PROVIDED DATA:

--- START ---

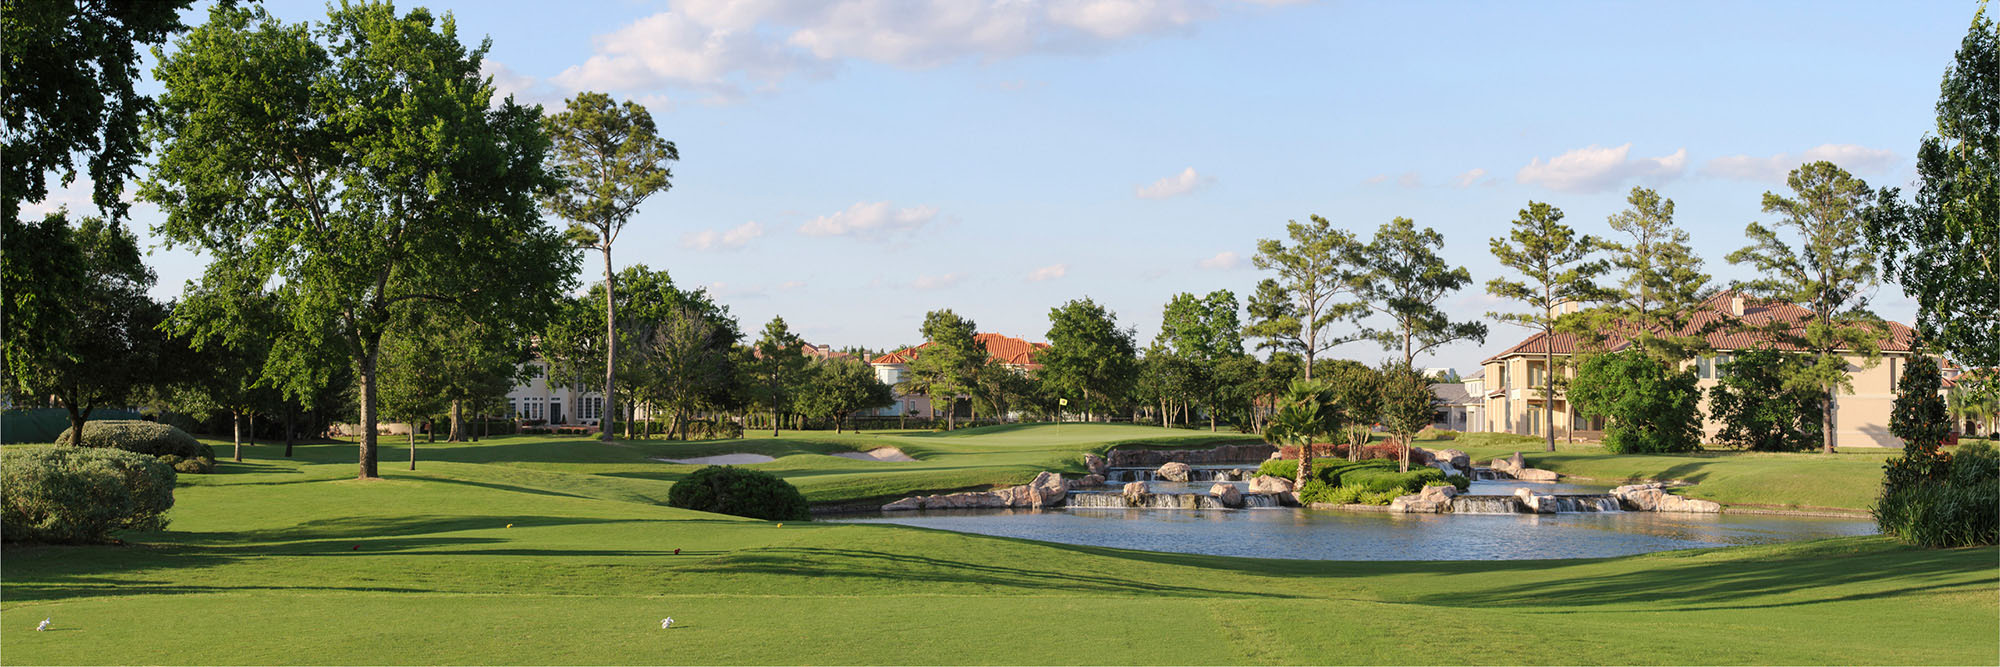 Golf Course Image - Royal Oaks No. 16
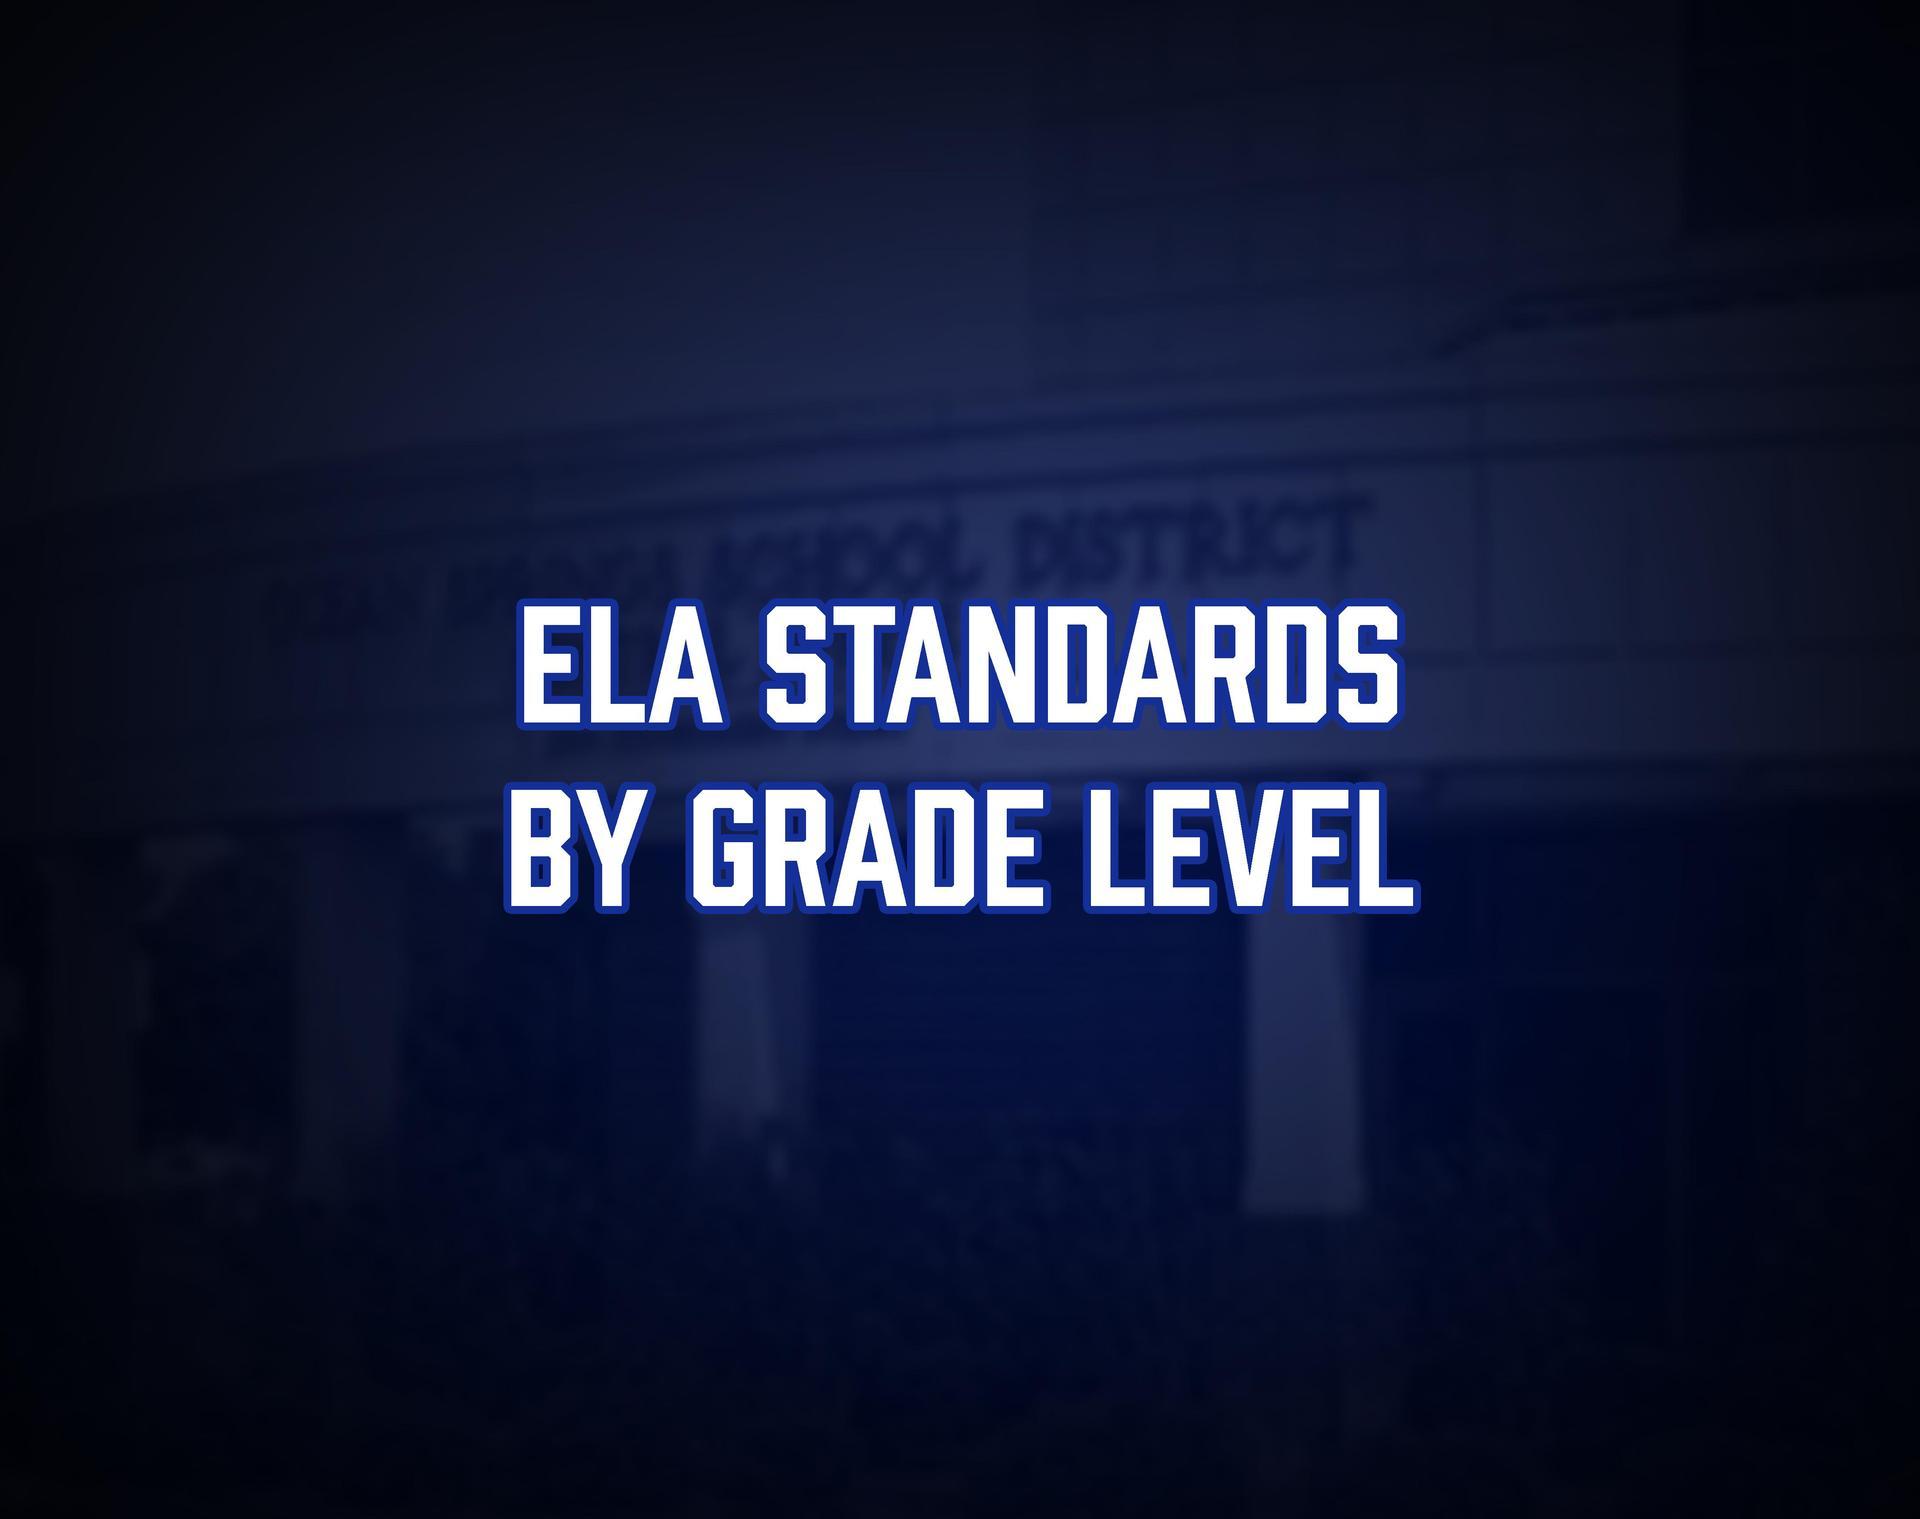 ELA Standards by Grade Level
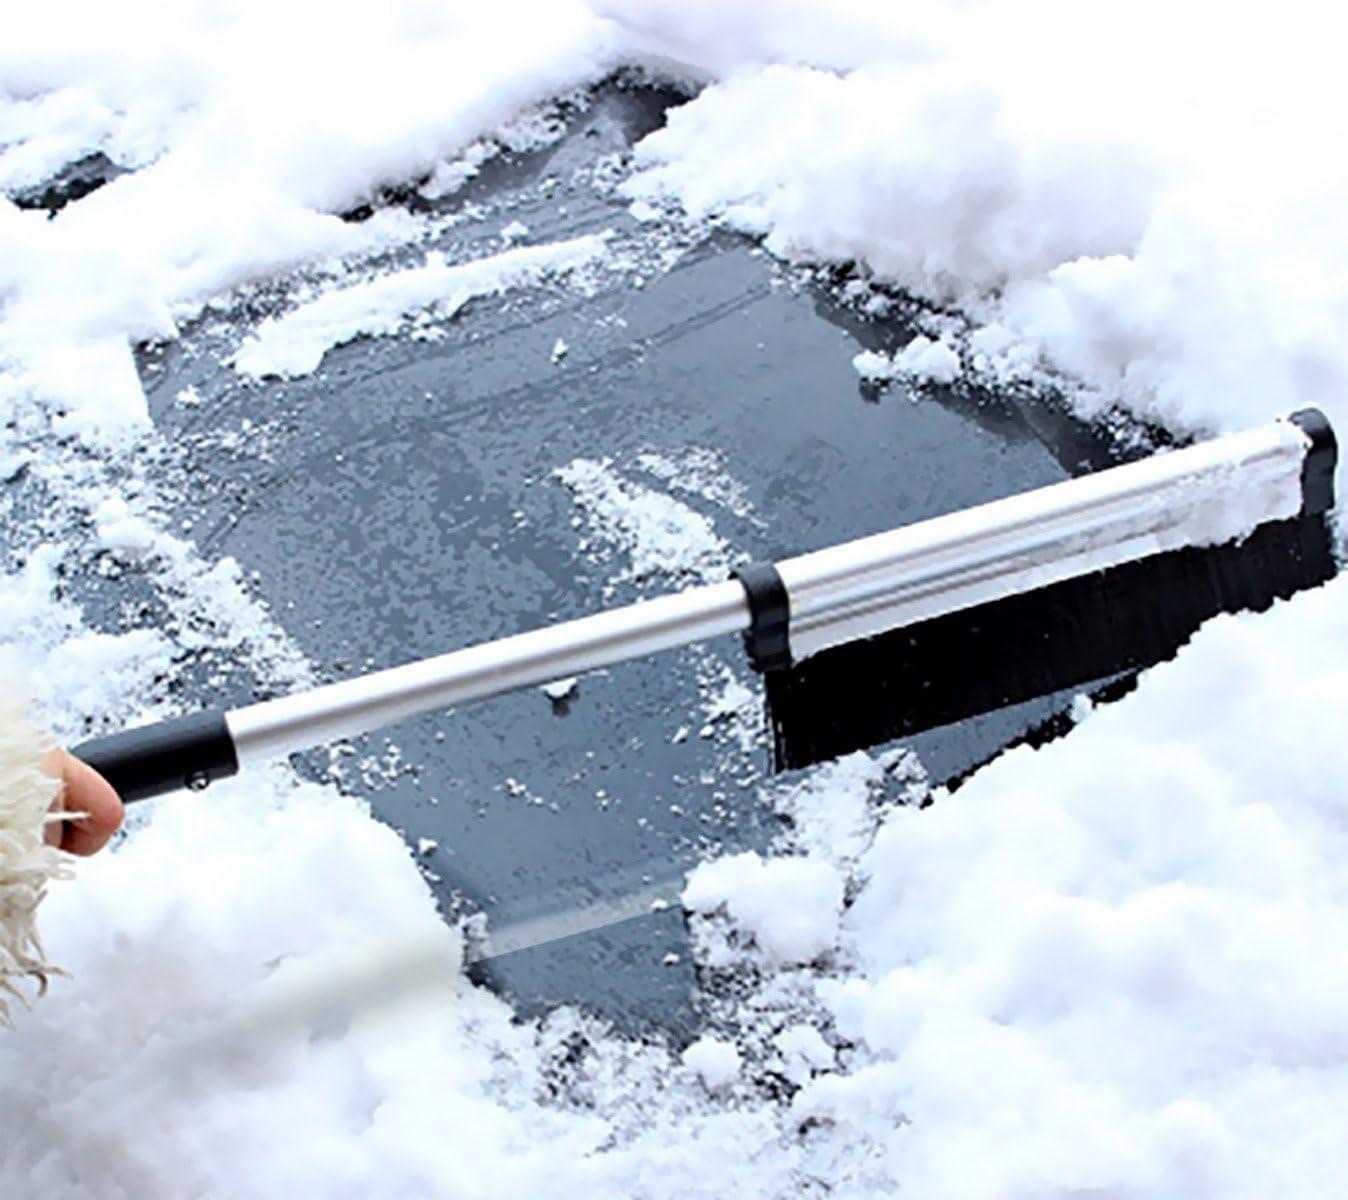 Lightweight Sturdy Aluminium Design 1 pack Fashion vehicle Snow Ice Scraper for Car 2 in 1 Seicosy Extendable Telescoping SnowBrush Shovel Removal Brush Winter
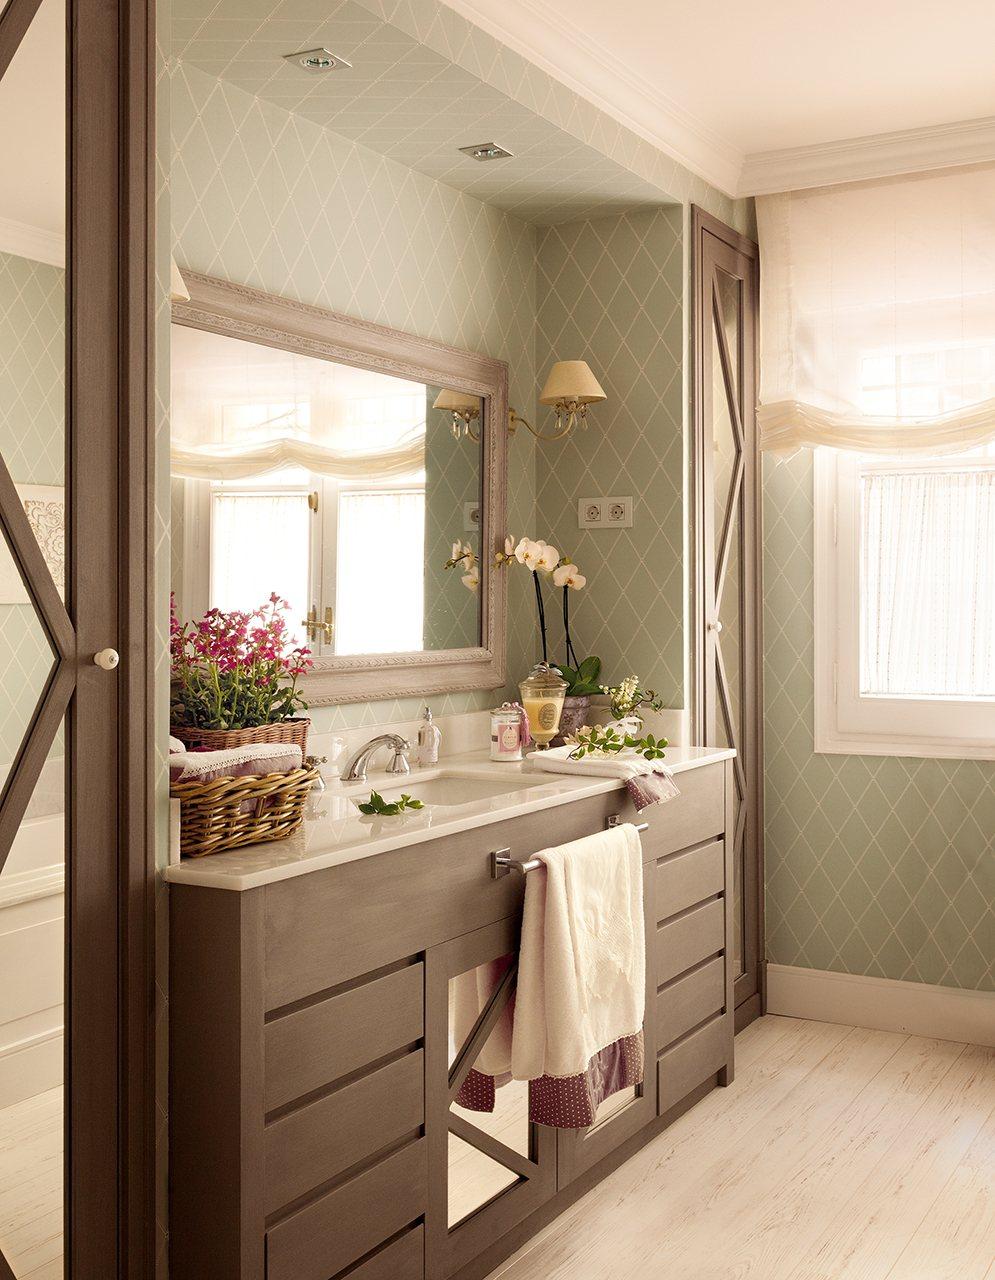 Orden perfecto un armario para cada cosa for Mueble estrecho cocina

--- END ---

WORK TO COMPLETE:
Set down the full listing above with its wording unchanged. Leave out its images.

RESPONSE:
 Golf Course Image - Royal Oaks No. 16
 ELA Standards by Grade Level
 Lightweight Sturdy Aluminium Design 1 pack Fashion vehicle Snow Ice Scraper for Car 2 in 1 Seicosy Extendable Telescoping SnowBrush Shovel Removal Brush Winter
 Orden perfecto un armario para cada cosa for Mueble estrecho cocina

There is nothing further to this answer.